The diameter of S is the least upper bound of |x,y| for x and y in S. Note that the diameter of a circle or sphere agrees with its traditional definition. The diameter of an n dimensional unit cube is sqrt(n). The diameter of an equilateral triangle, one unit on a side, is 1, even though this triangle will not fit into a circle of diameter 1. A set with diameter d always fits in a ball of radius d.
A set is totally bounded if it has a finite cover of ε-balls for every ε > 0. A totally bounded set is always bounded. If the set is covered by k balls of radius 1, find the ball farthest from the origin; the far edge of that ball is the bound for the set.
Let's cover a region in Rn with balls of radius ε. Let t = ε/sqrt(n) and build a lattice, a regular grid, with spacing t. Let each of these lattice points be the center of an ε-ball, and the space is covered.
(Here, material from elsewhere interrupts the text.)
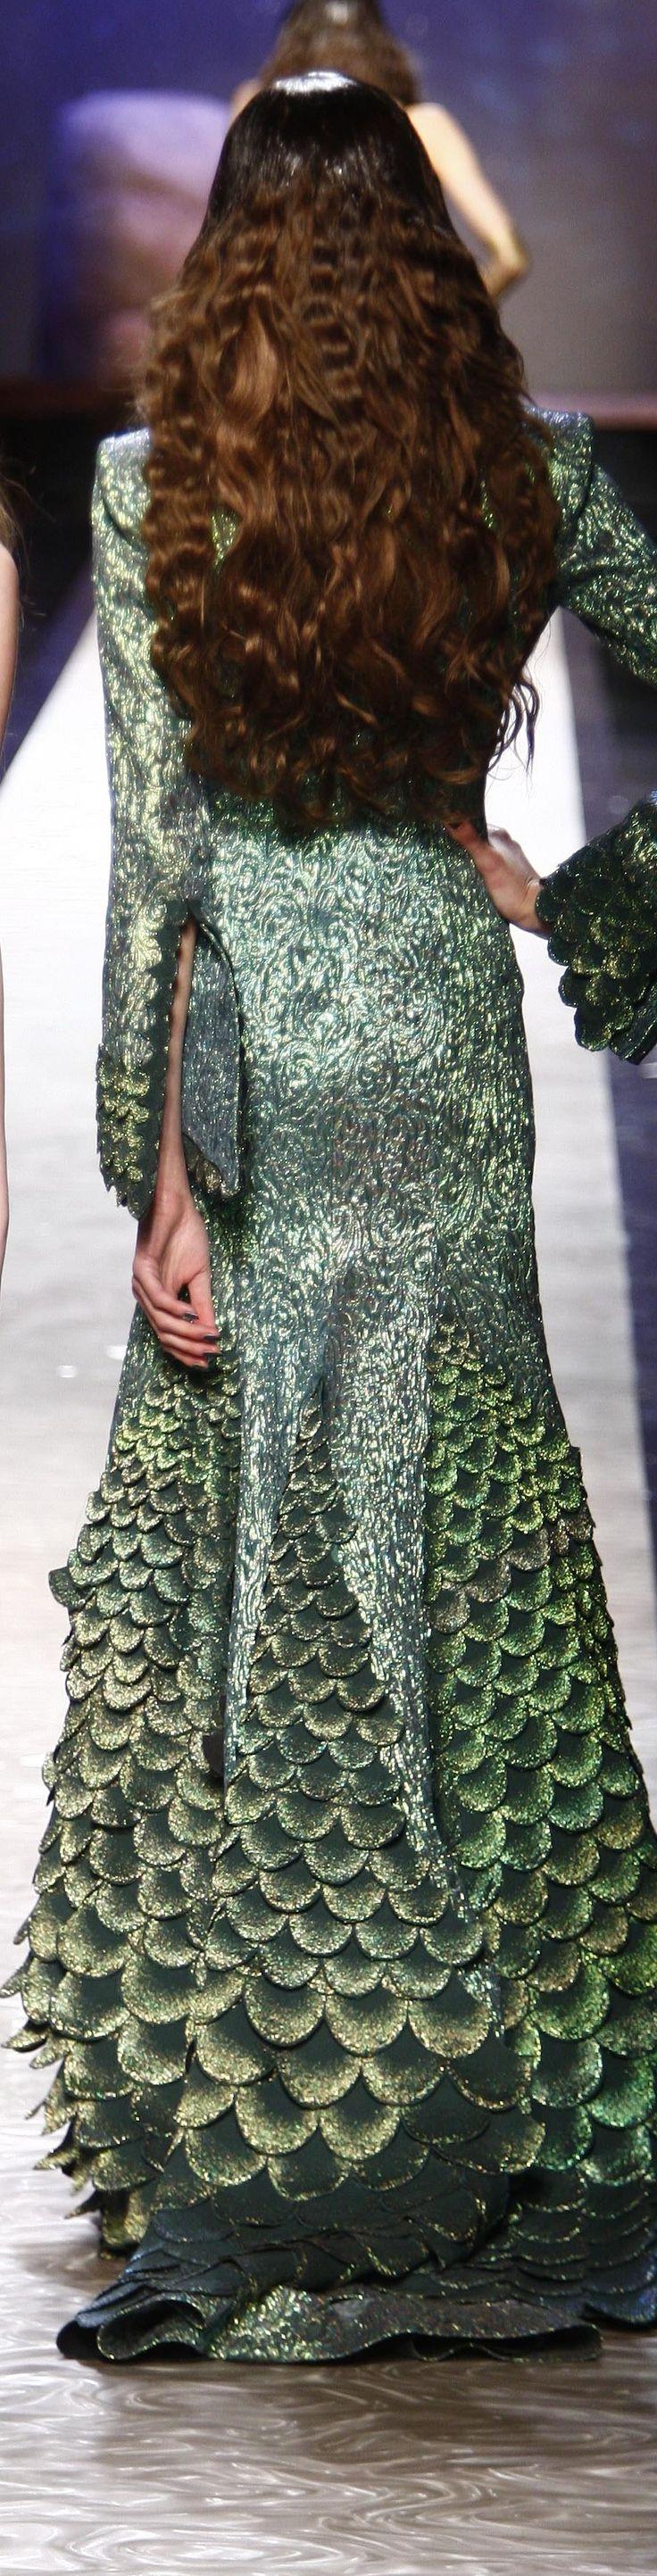 Jean Paul Gaultier ~ Love her hair.

A larger ball of radius r can be covered with finitely many ε-balls for any ε, hence every ball, and every bounded set, is totally bounded.
If we switch to Ej it's a different story. Try to cover the ball of radius 3, centered at the origin, with balls of radius 1. Build a sequence of points by setting each coordinate in turn to 2, while all the others are 0. All these points lie within the ball of radius 3, and each point is 2.818 distance from the others. Each must be covered by a separate ball of radius 1, requiring infinitely many balls. Within this metric space a bounded set need not be totally bounded.